Compass Tours was a UK railtour organiser specialising in excursions with heritage diesel locomotives such as the Class 37, Class 40 and Class 47 and also using Steam Engines such as the LMS Black 5.

A pro-rail company, Compass Tours heavily promoted the advantages of rail as a mode of transport, encouraging passengers to leave their cars and take the train. Nearly 300 tours were organised by the company, with many thousands of passenger journeys being taken. The tours were typically very popular, carrying 400–600 passengers in up to 13 vehicles of Mark 1 or Mark 2F coaching stock.

Compass Tours became one of Britain's main rail excursion organisers operating in the North West, West Midlands, North Wales, and Scottish Borders as well as latterly the North East and East Midlands regions, building a loyal customer base.

Operating with a regular team of volunteer stewards to operate the Secondary Door Locking system and staff the buffet, Compass Tours had a reputation for friendly operations with focused customer service, efforts recognised with a TripAdvisor Certificate of Excellence in 2014.

The company had a regularly updated website, with PayPal booking system to allow passengers to book their tours online, and a comprehensive guide to each of the tours, information also provided to passengers in an on-board souvenir booklet.

==History==
The brand was originally conceived in 2003 by Kevin Melia when he joined with two friends, Shaun and Nick to operate 30 August 2003 "The Tayside Liner" railtour from Crewe and stations in Cheshire and Lancashire to Stirling and Perth.

As the company grew, Kevin's older brother John Melia joined the company in 2006 as General Manager.

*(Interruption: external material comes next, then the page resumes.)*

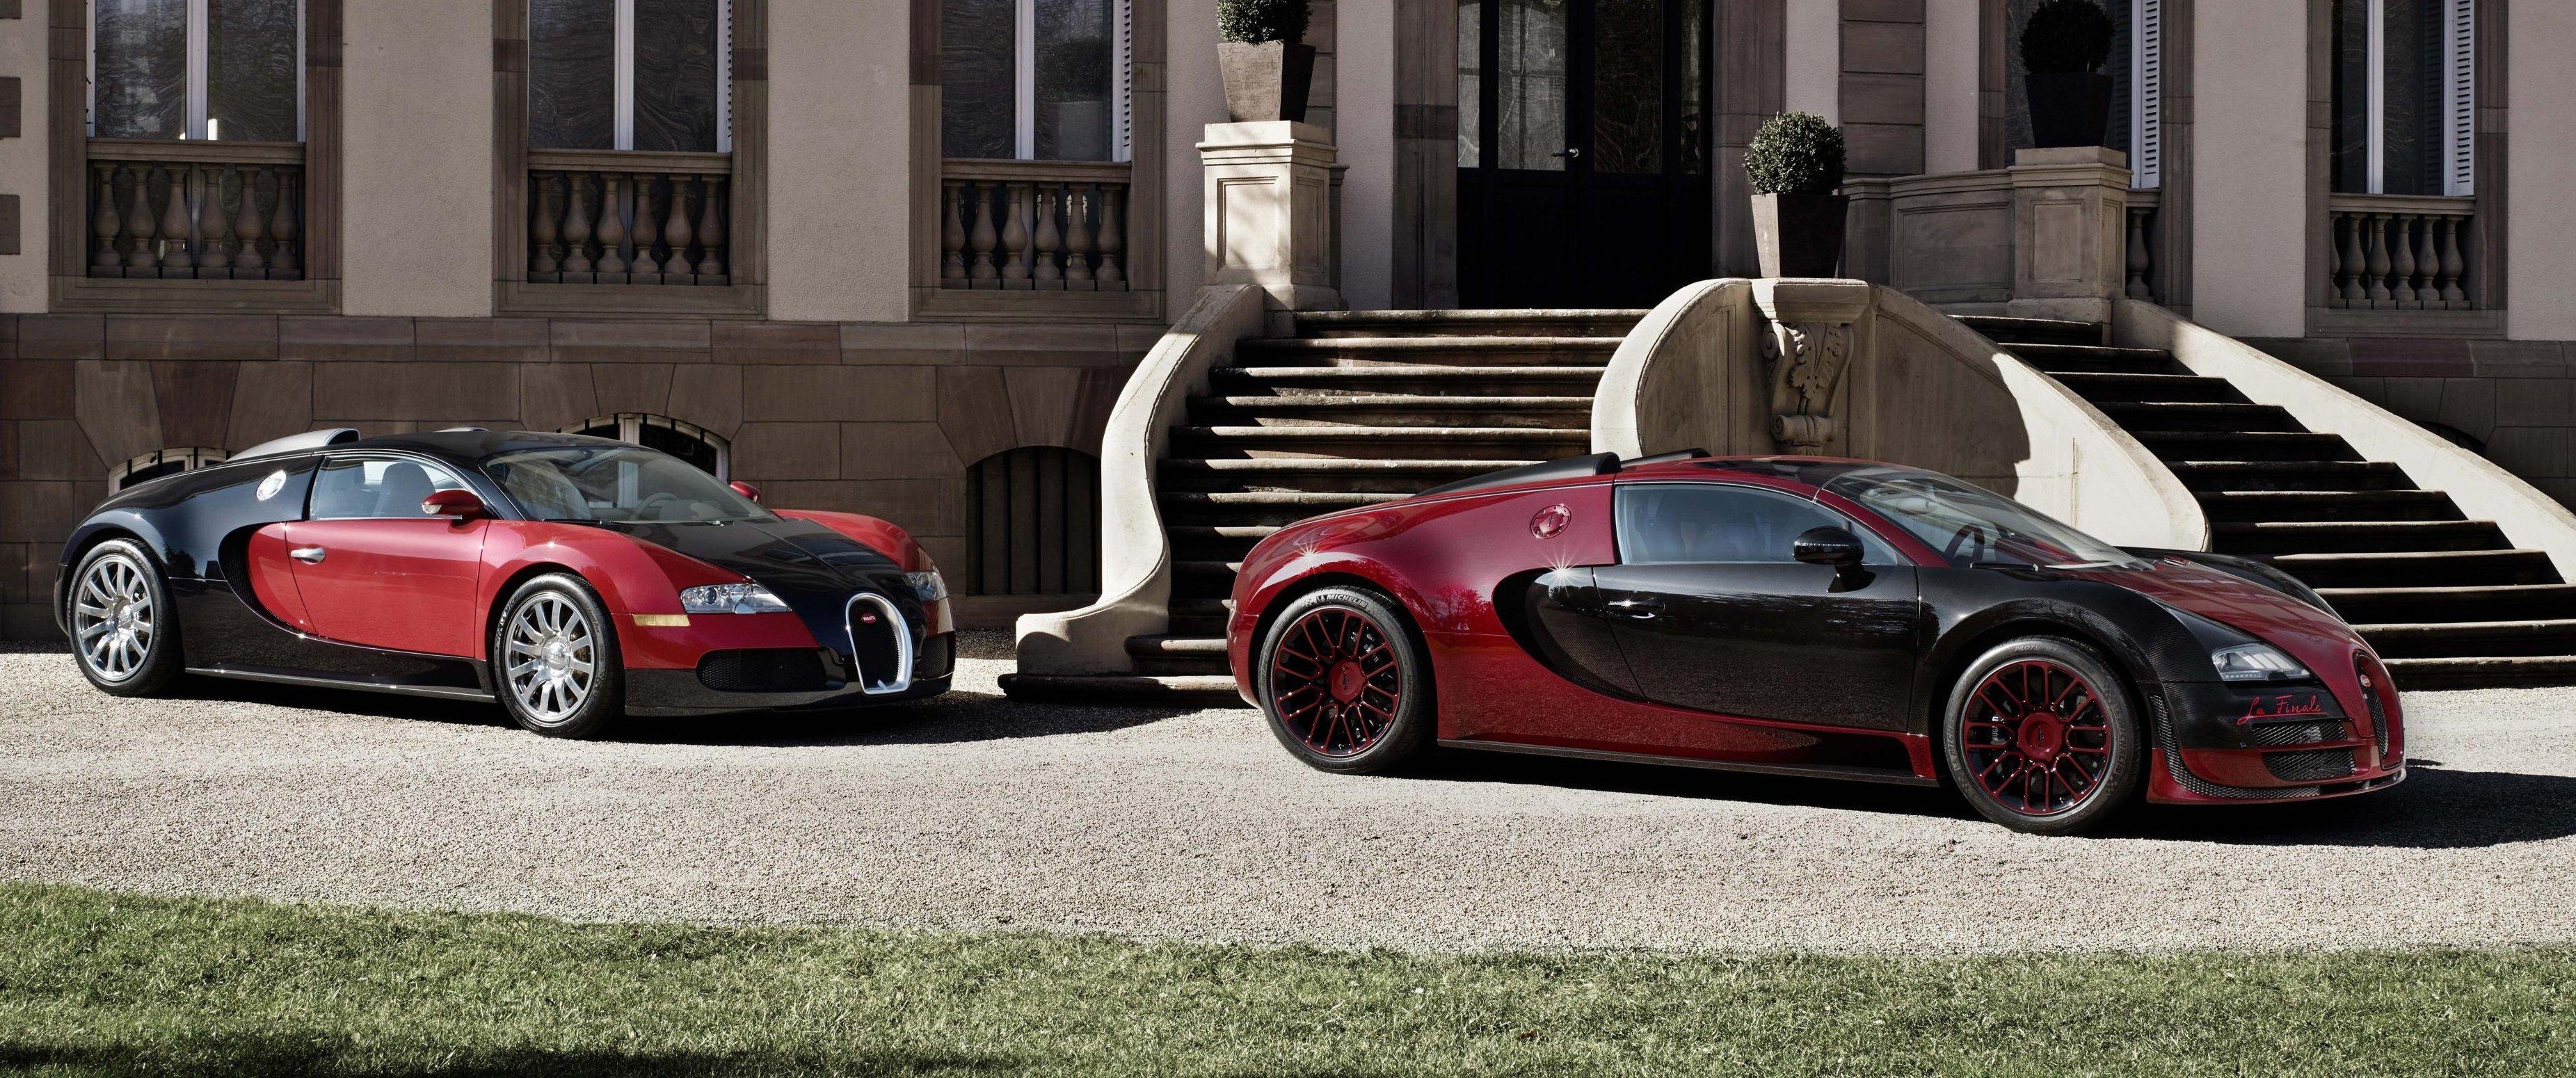 bugatti veyron 16 4 grand sport vitesse la finale the 450th and last veyr. Black Bedroom Furniture Sets. Home Design Ideas

On 19 December 2014 the final independent Compass Tours charter train ran. It was their 264th trip, although 276 in total had been intended to run - the other 12 having made it through the advertising stages. Only two were ever cancelled because of a shortage of bookings, quite a remarkable achievement. Nine that didn't run were down to planning issues and the remaining one was cancelled on the morning of the tour itself because of multiple issues with the coaching stock which was being provided by Cotswold Rail.

A new company targeting the same customer database and with a similar name involving West Coast Railways and a business partner, commenced operations in 2015. A new website was introduced branding forthcoming excursions as Compass by West Coast Railways. The original business ceased to exist, with the founder, Kevin Melia, assisting with the transition of the business into its new ownership before stepping down shortly afterwards.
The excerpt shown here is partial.